_AIM OF THE TASK_: In the records below, find the line with "Alessio 80 Coffee Table by Agglomerati", then retype it and every following line exactly, stopping after the line with "Alessio is a". Leave the pictures out.

_PROVIDED RECORDS_:
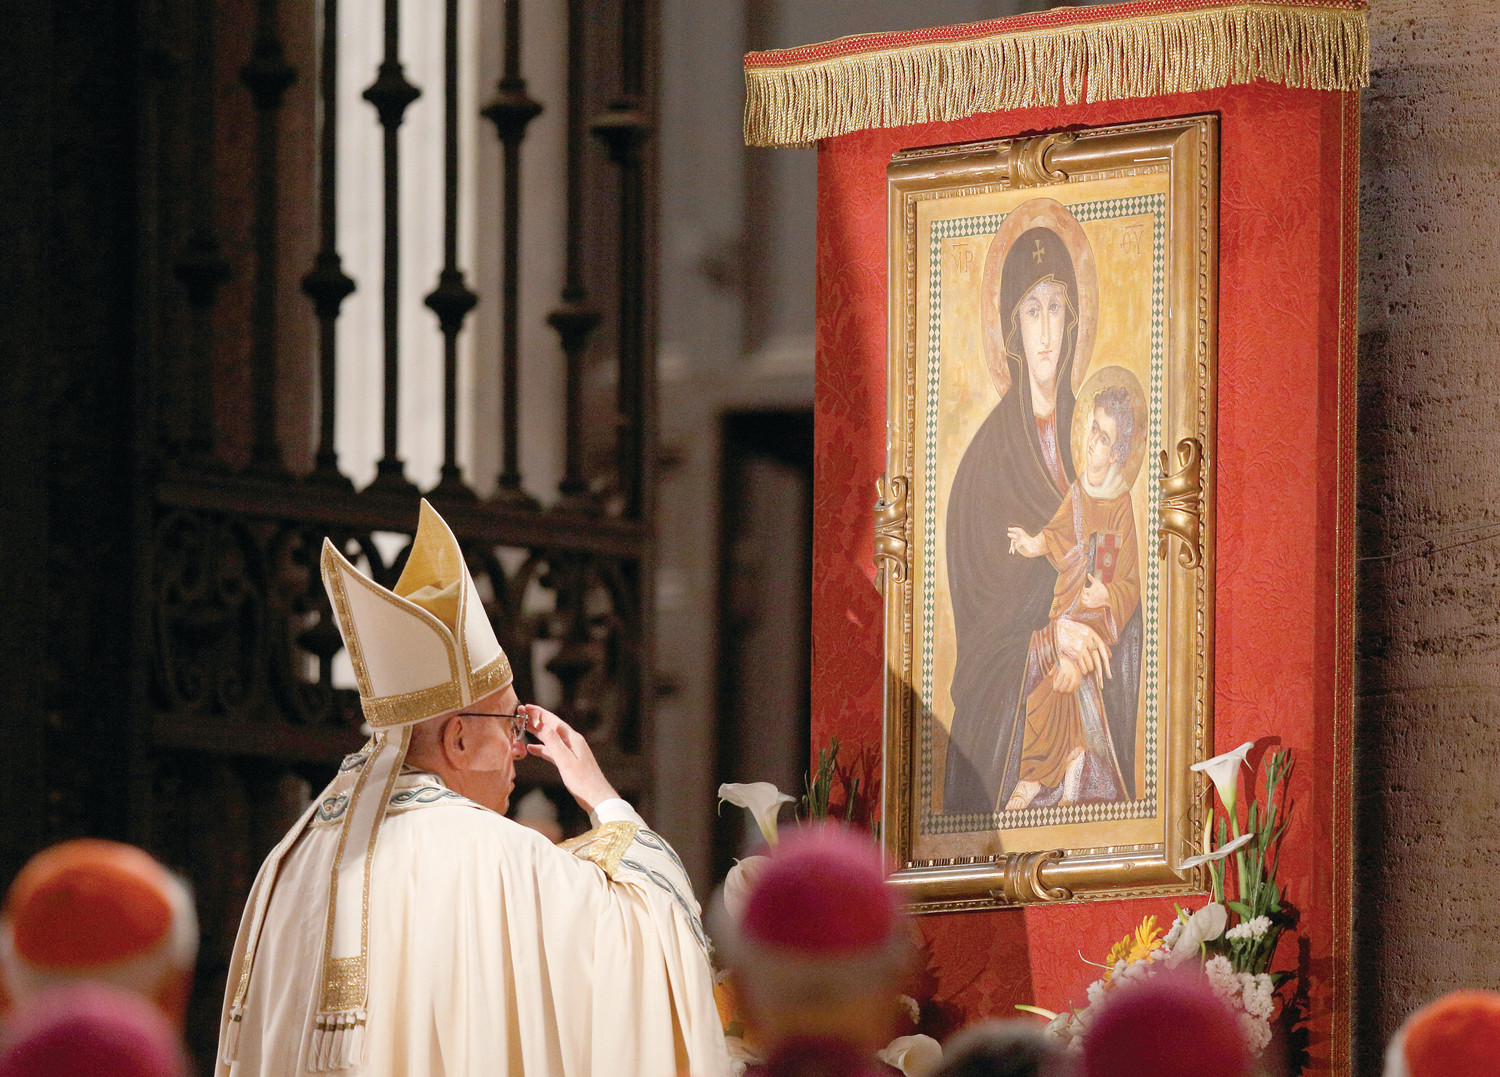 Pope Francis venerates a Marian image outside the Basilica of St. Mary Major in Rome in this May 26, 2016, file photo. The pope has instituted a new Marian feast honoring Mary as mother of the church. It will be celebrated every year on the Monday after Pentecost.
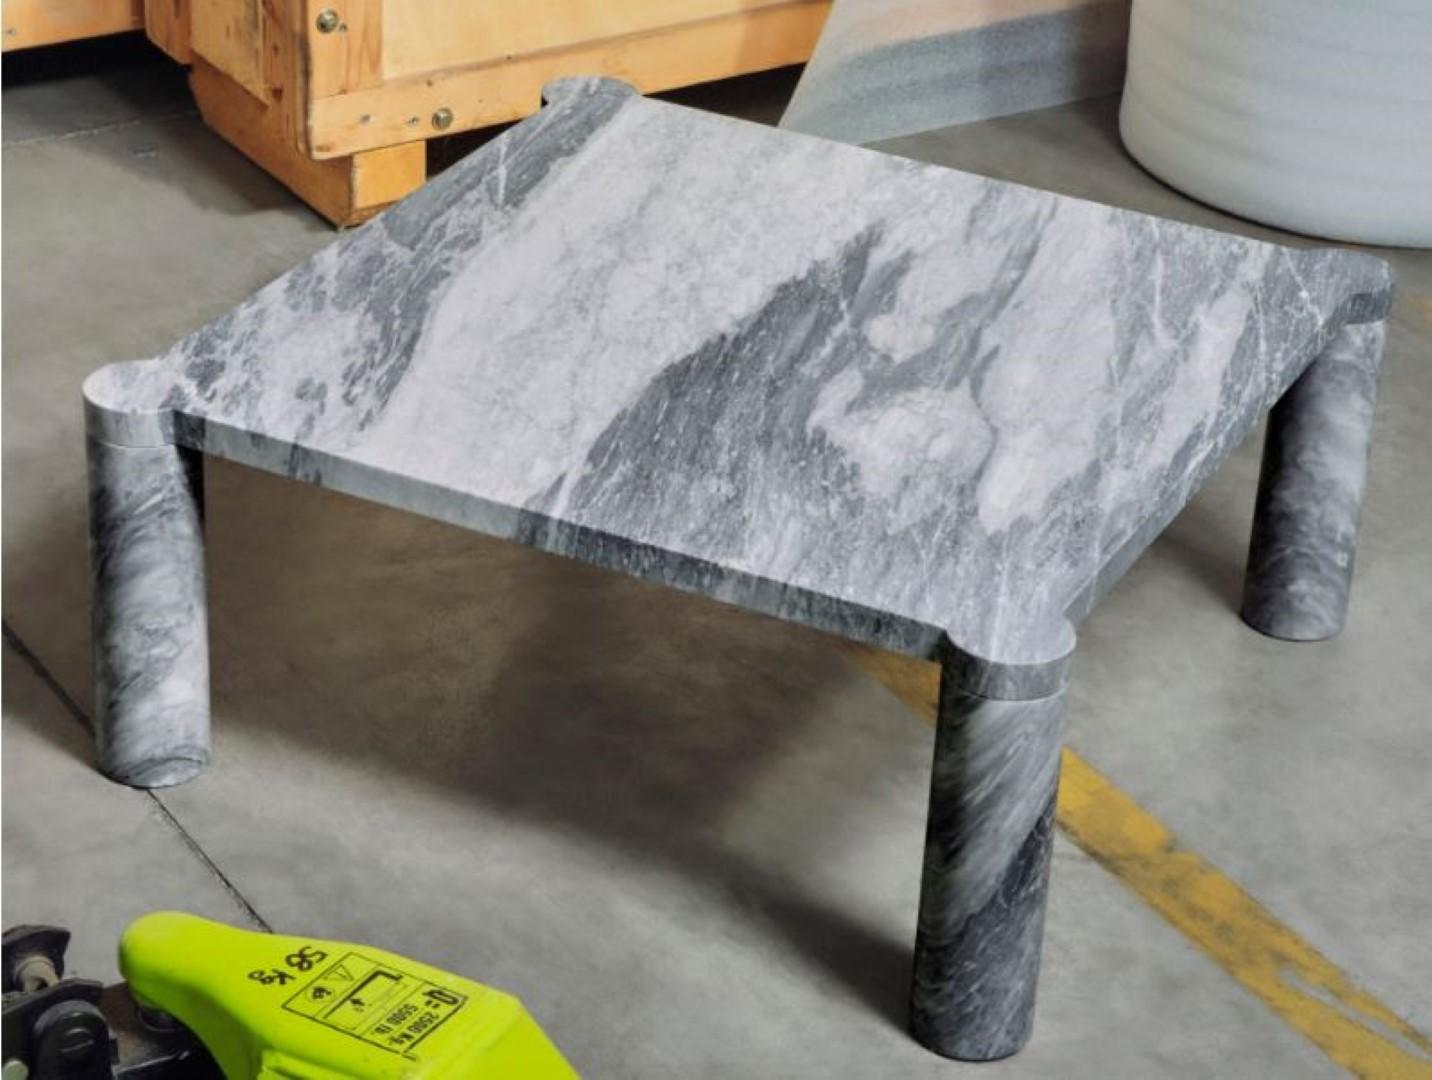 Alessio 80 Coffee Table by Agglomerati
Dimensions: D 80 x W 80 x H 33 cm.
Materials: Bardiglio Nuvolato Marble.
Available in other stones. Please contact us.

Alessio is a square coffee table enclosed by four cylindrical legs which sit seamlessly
* * *
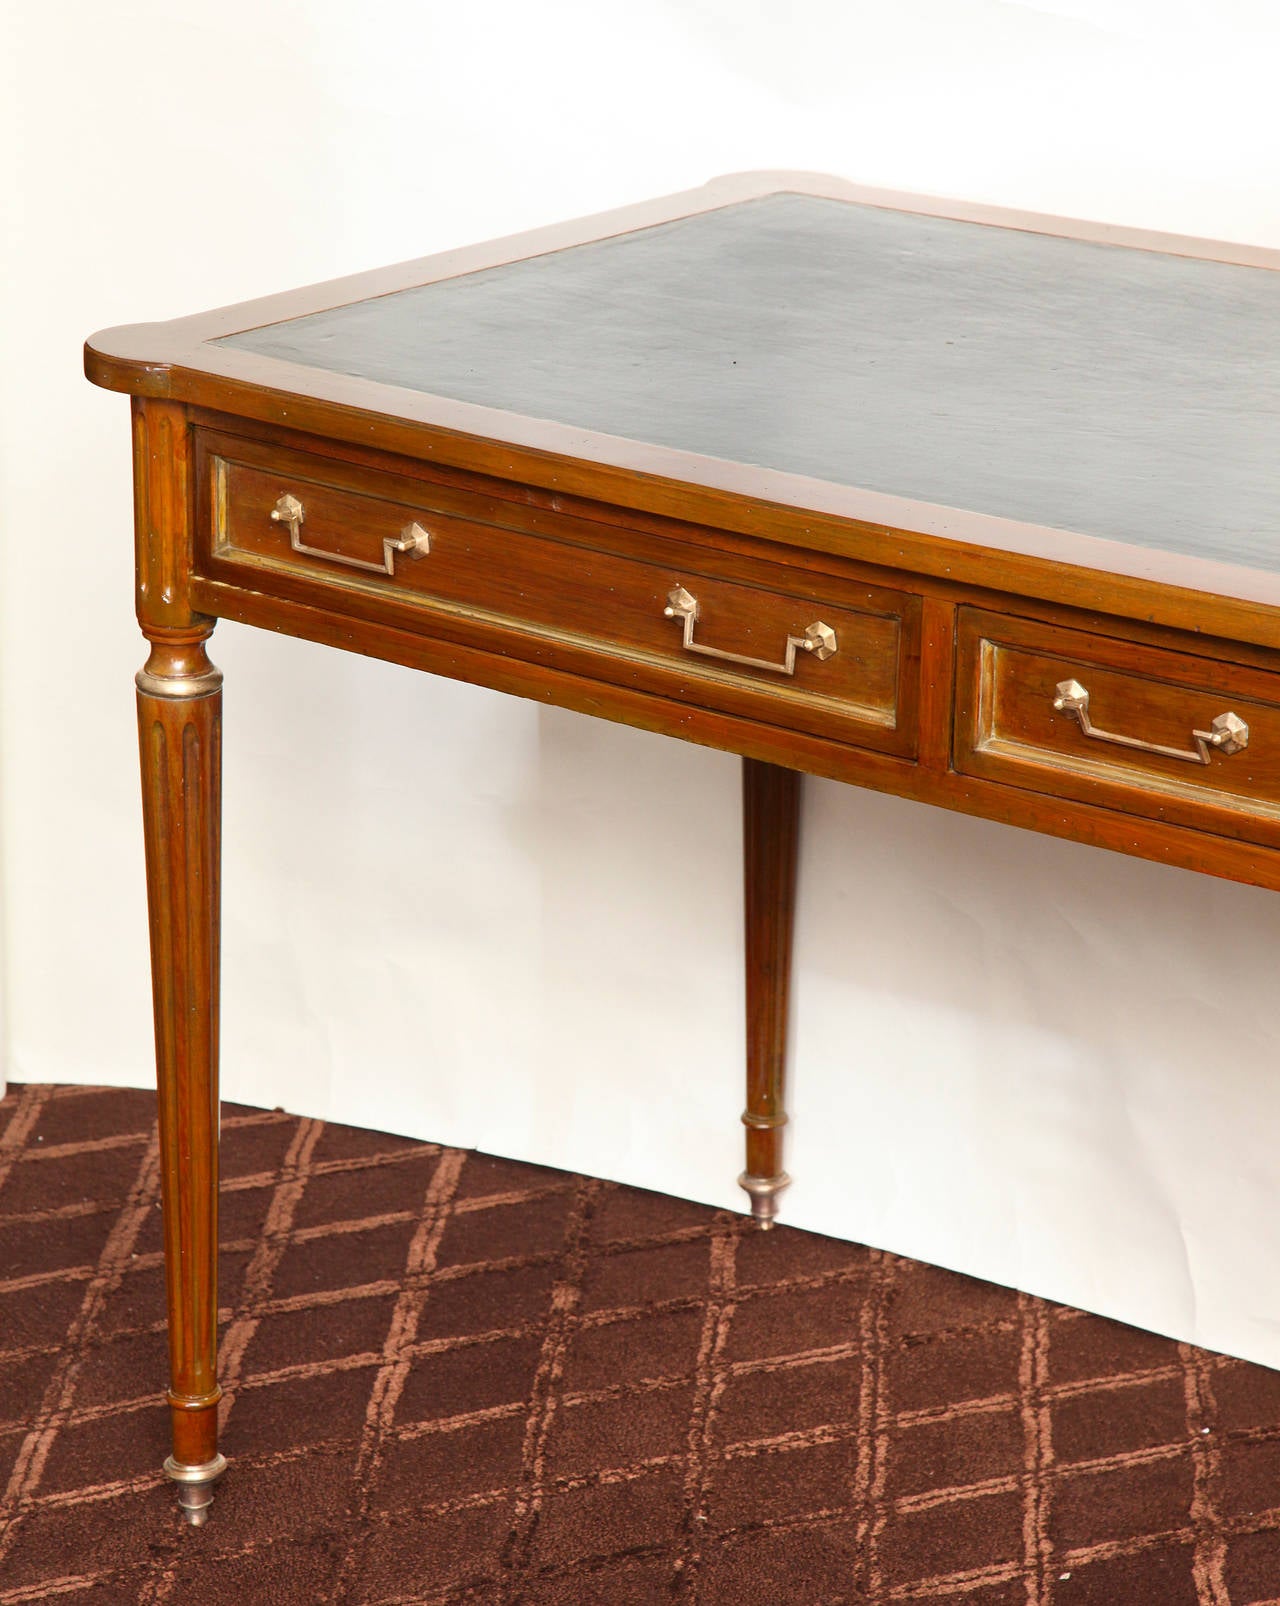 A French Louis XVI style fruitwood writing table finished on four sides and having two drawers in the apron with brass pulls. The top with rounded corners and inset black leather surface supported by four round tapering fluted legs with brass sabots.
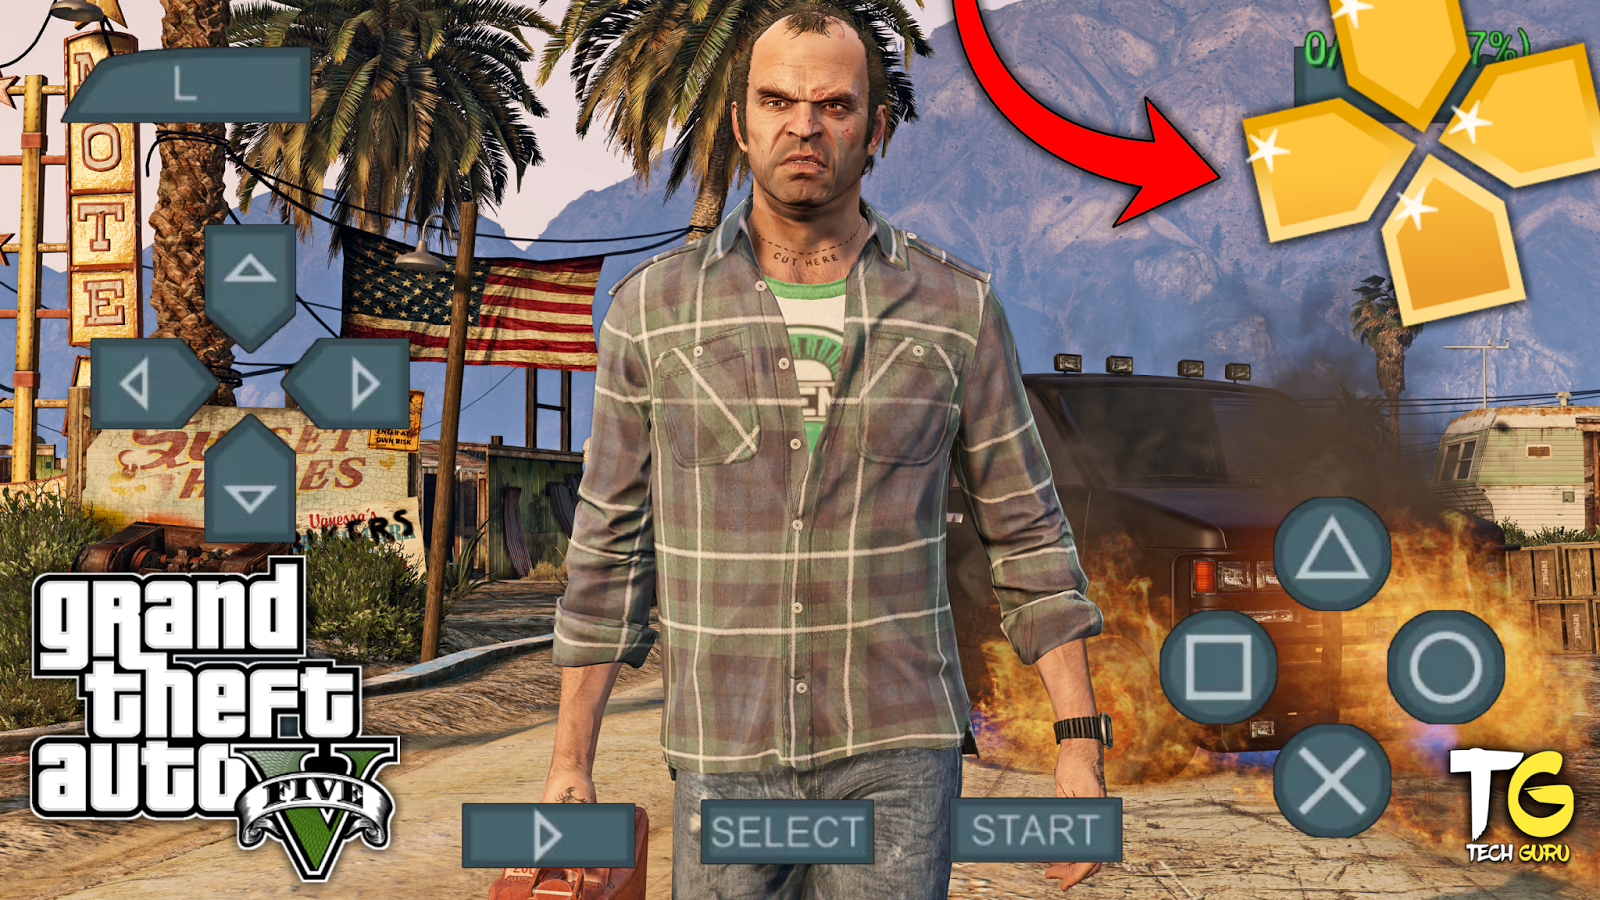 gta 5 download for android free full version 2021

_PROBLEM SOLUTION_:
 Alessio 80 Coffee Table by Agglomerati
Dimensions: D 80 x W 80 x H 33 cm.
Materials: Bardiglio Nuvolato Marble.
Available in other stones. Please contact us.

Alessio is a square coffee table enclosed by four cylindrical legs which sit seamlessly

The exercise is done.